Wednesday, 3 September 2014

Canadian Draft-dodgers and the Historical Jesus

R.G. Collingwood, by whose philosophy of history Lonergan was greatly influenced, talks about something that he calls the historical imagination. The historical imagination functions not by taking ready-made statements found in sources and asking whether they happened or not. That's classic scissors-and-paste history, which Collingwood argues is not history at all. Ready it proceeds via inference, taking the sources as data. Let us illustrate via an instance from my family history.

I have a 1921 Canadian census record for the household of an Albert Bernier, age 36, living in Sherbrooke, Québec. I am confident that this is my great-grandfather. Why is that? Several pieces of information come together. I know through family oral tradition that my great-grandfather was named Albert Bernier. I know that my great-grandmother, his wife, was named Adelina. I know that my grandfather, his son, grew up in the Sherbrooke area. I know that my grandfather was born in 1922 and had three older siblings. I know their names: Elizabeth, Joseph, and Jean. I know that Elizabeth and Joseph were born in Waterbury, Connecticut, when my great-grandparents were residing there. I know further that my great-grandparents were from Québec, and only sojourned temporarily in Waterbury. So what I have in the census document is an Albert Bernier, living in Sherbrooke, with three children, Elizabeth, Joseph, and Jean, ages 3, 2, and 5 months; it tells me that he and his wife, Adelina, were born in Québec; it tells me further that Elizabeth and Joseph were born in the US but Jean in Québec; it fits. I could be mistaken, but there would have to be a lot of coincidences.

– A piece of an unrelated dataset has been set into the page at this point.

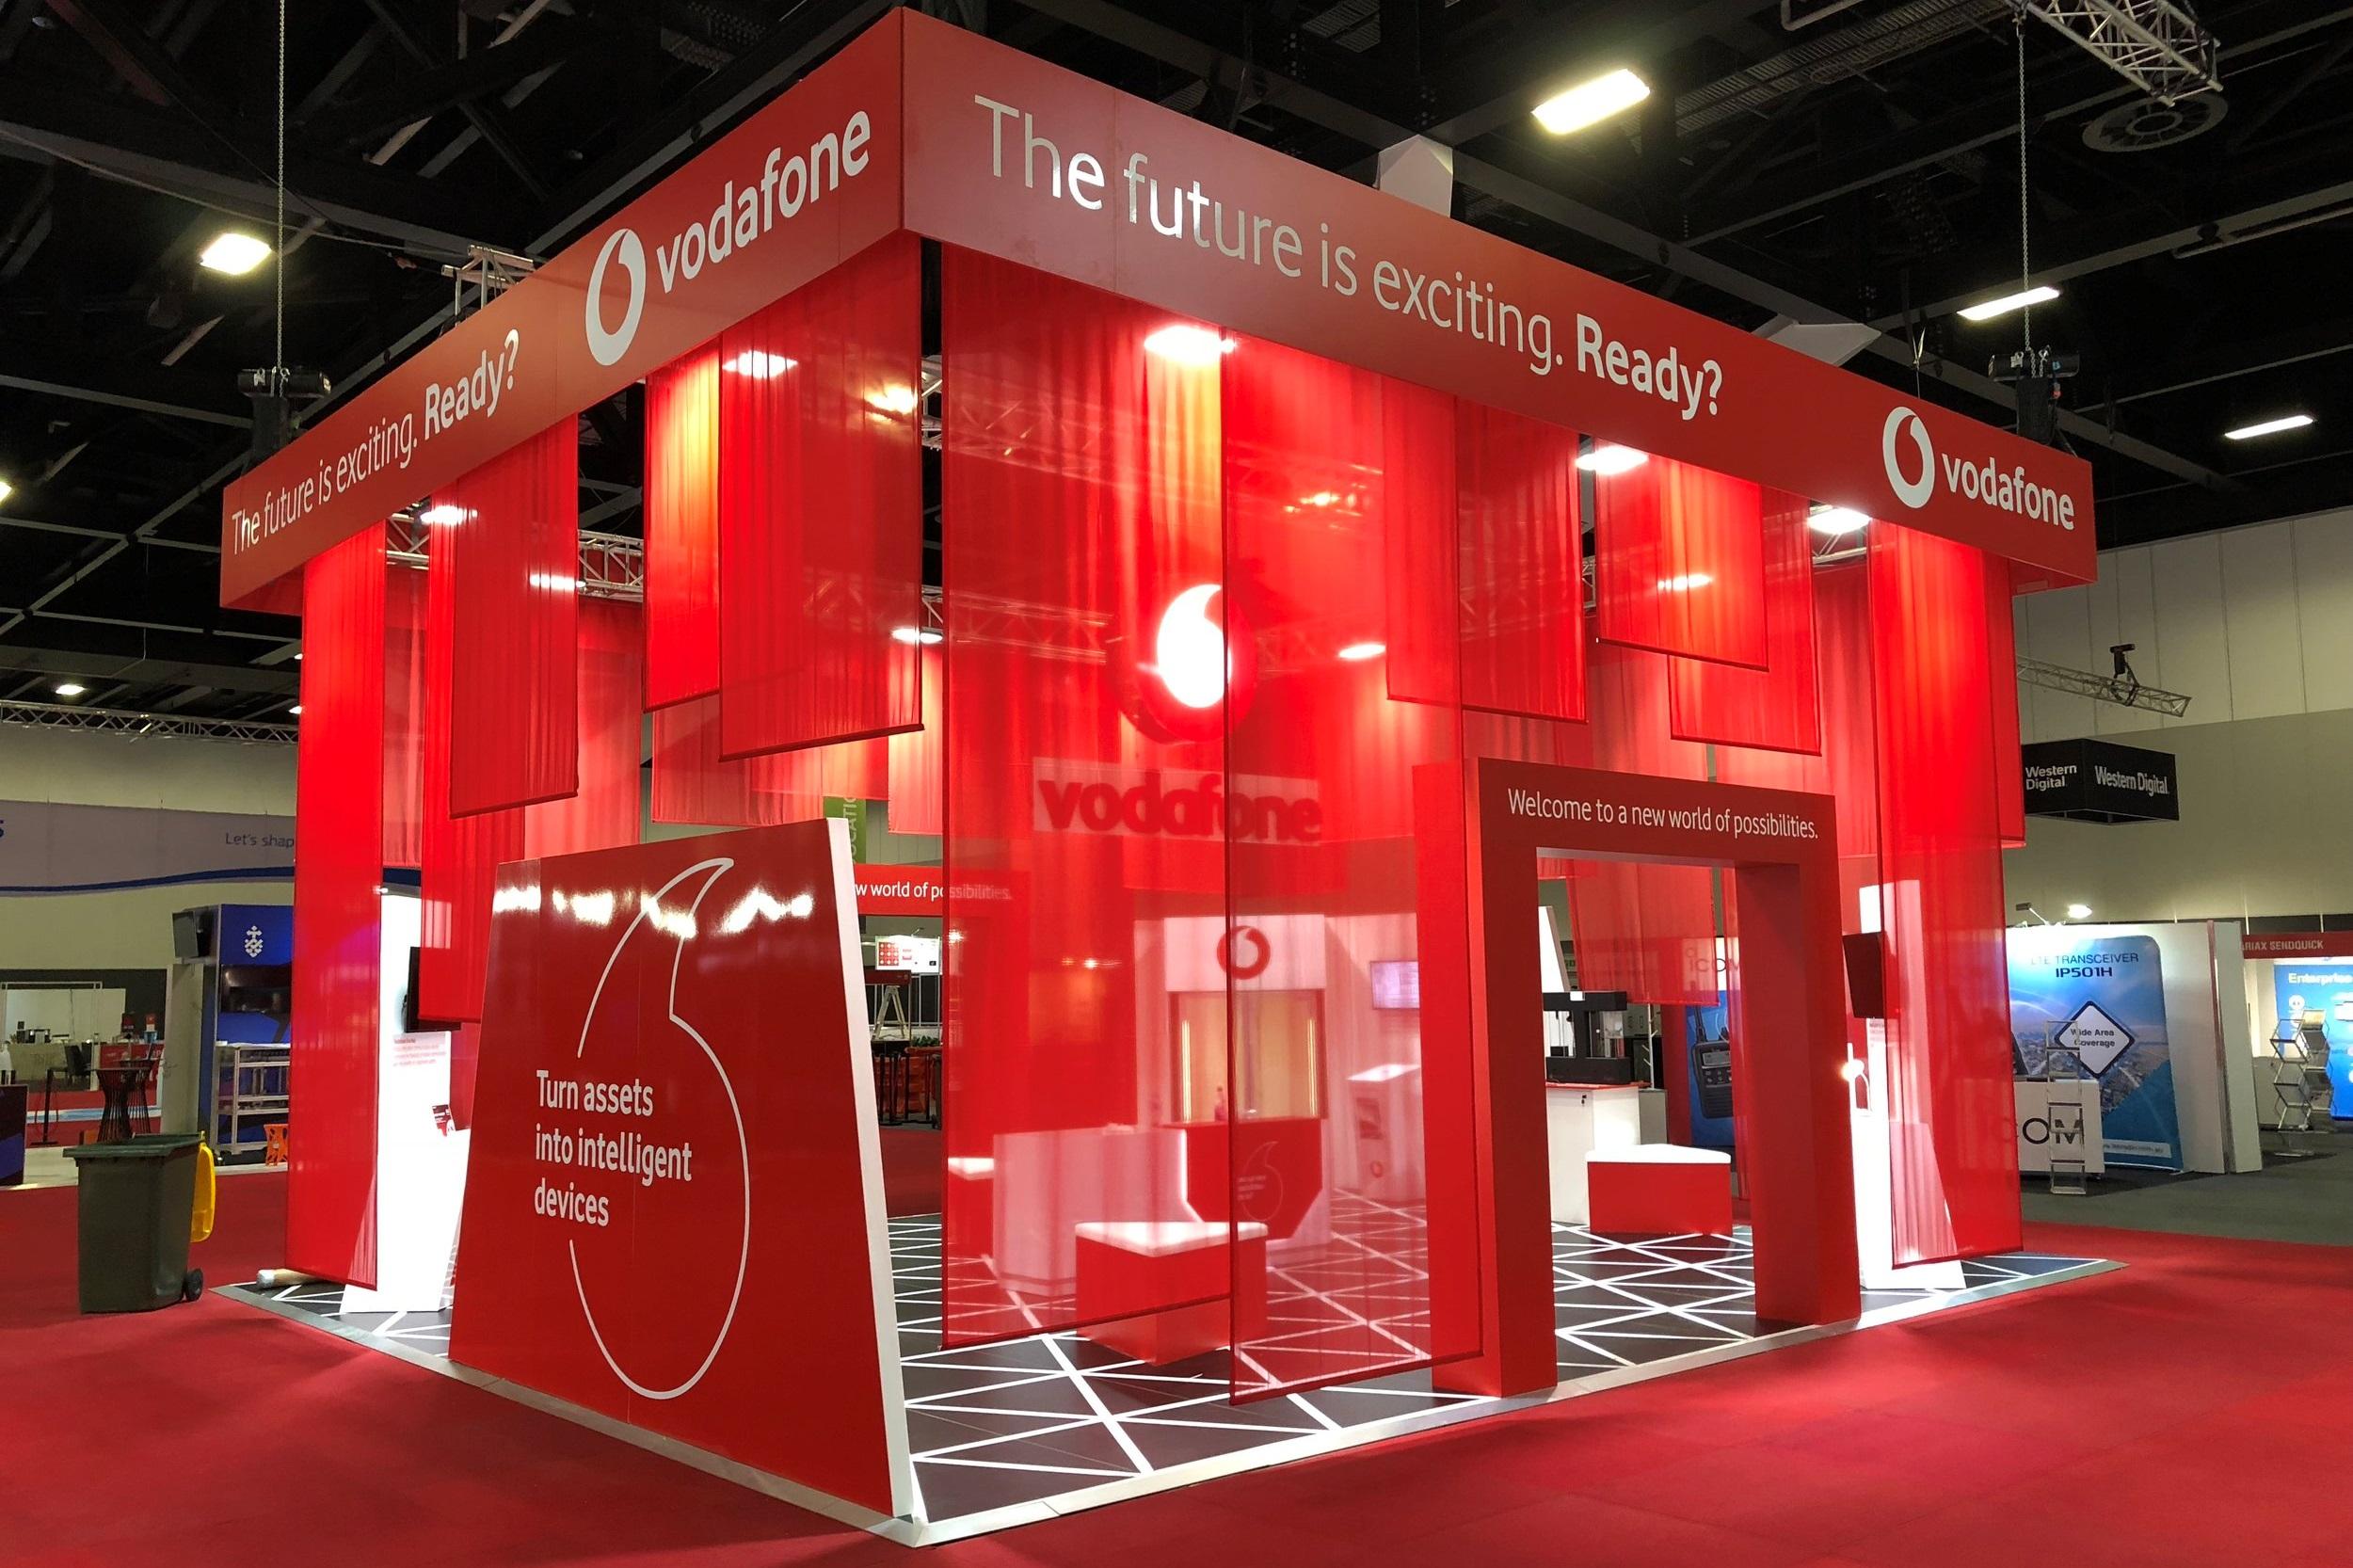 Vodafone at CEBIT, 2018
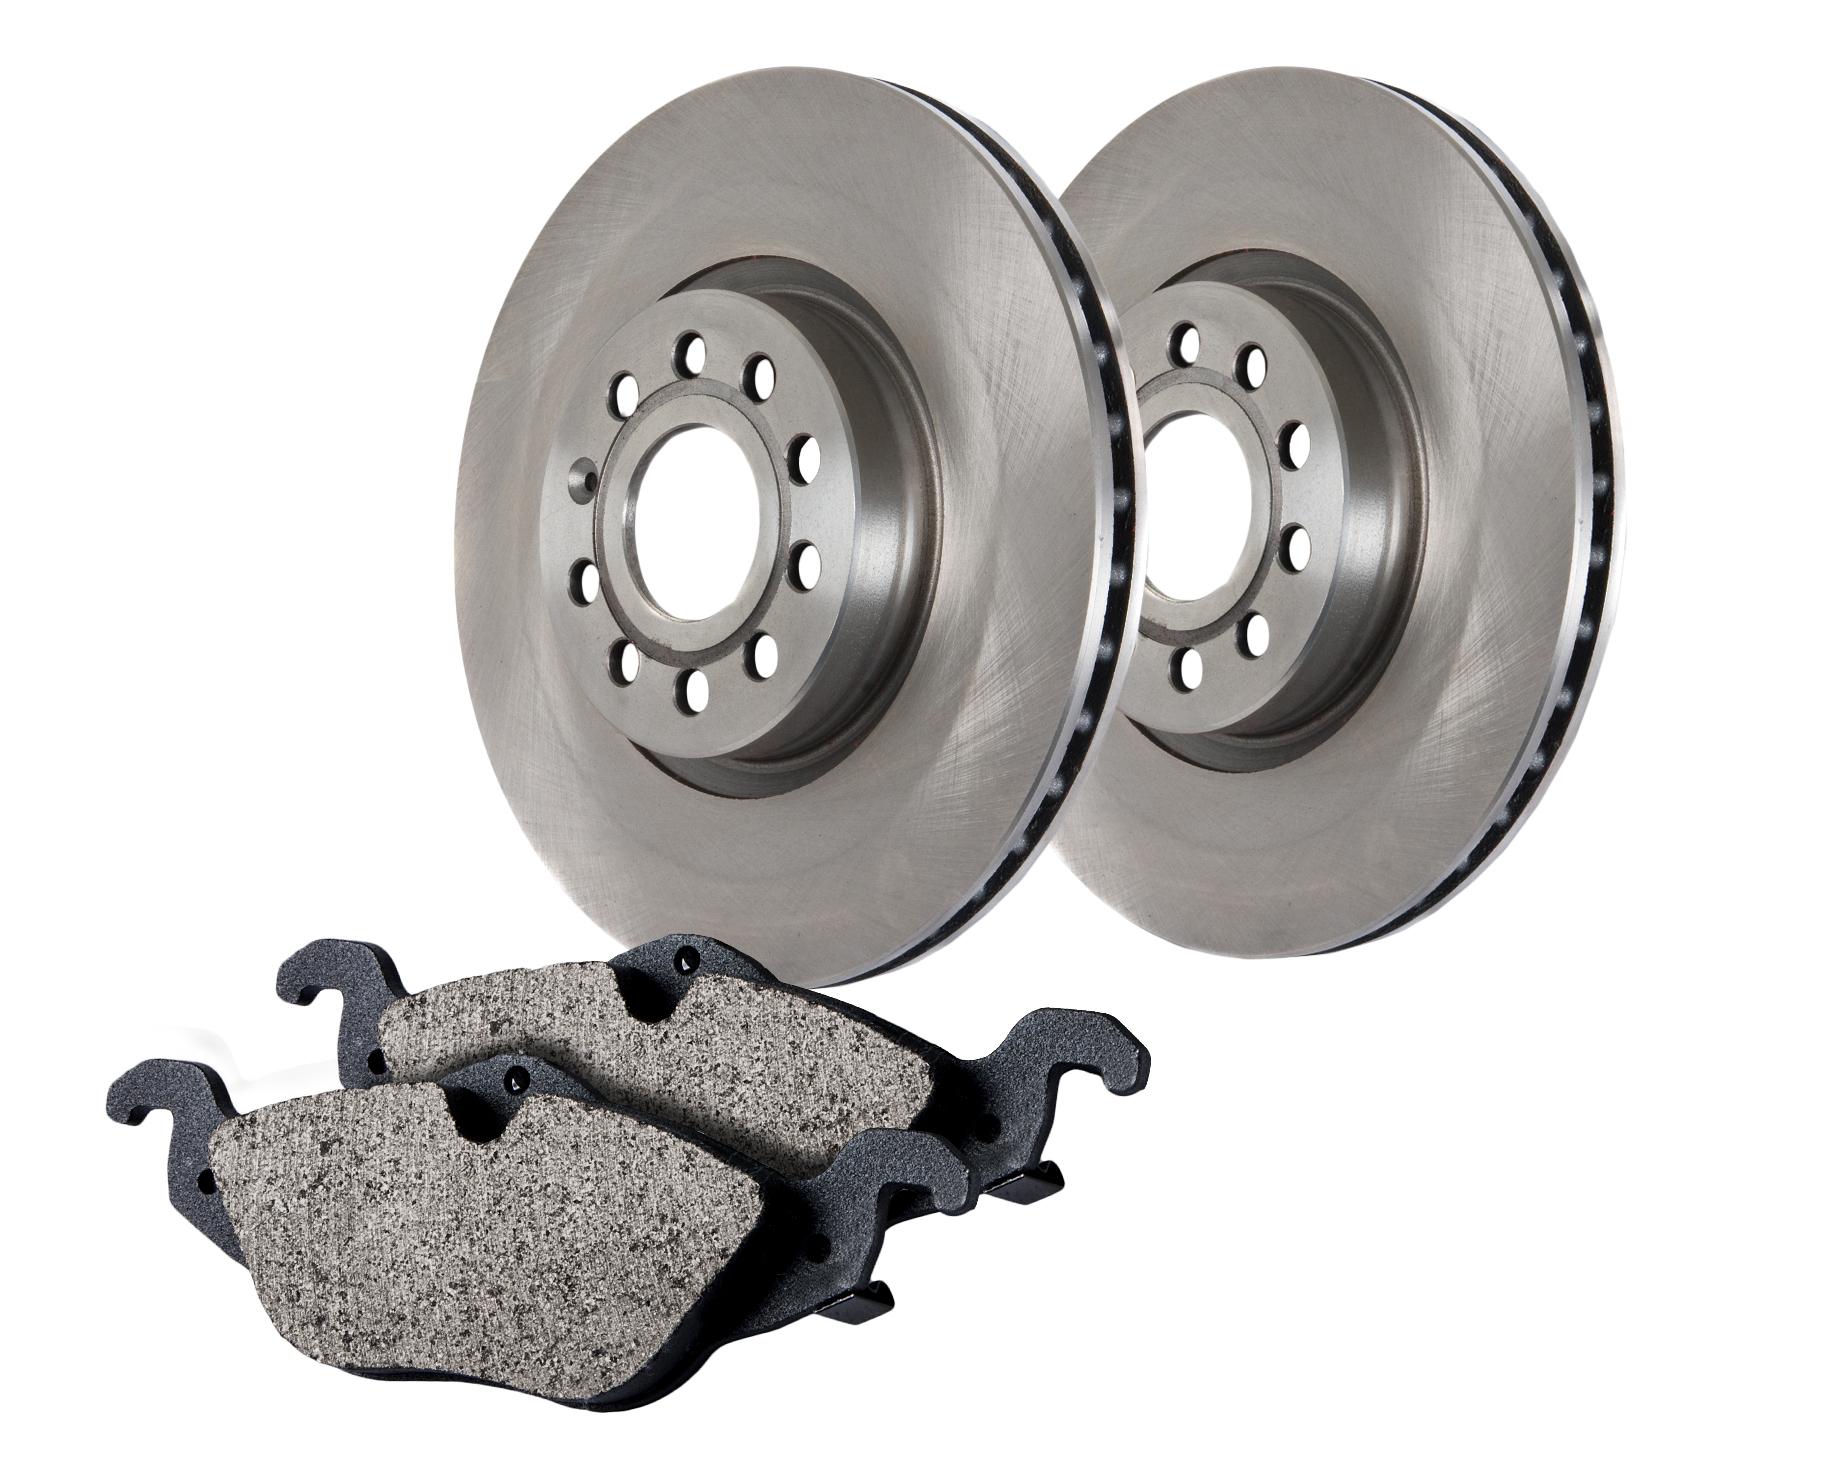 Centric Brake Parts 905.67003 Brake Rotor and Pad Kit, Premium, Semi-Metallic Pads, Iron, Natural, Mopar Minivan 2008-12, Kit

I have another document. It's a US draft registration form for an Albert Bernier, filled out in 1917--the year the US entered the First World War. It was filled out in Waterbury, Ct. It has him listed as age 32, the age my great-grandfather would have been if he was 36 in 1921. It indicates that he is married without children, like my great-grandfather would have been if his eldest child was three in 1921. It states that he is an alien from Québec. Quite probable, I think, that this is the same man.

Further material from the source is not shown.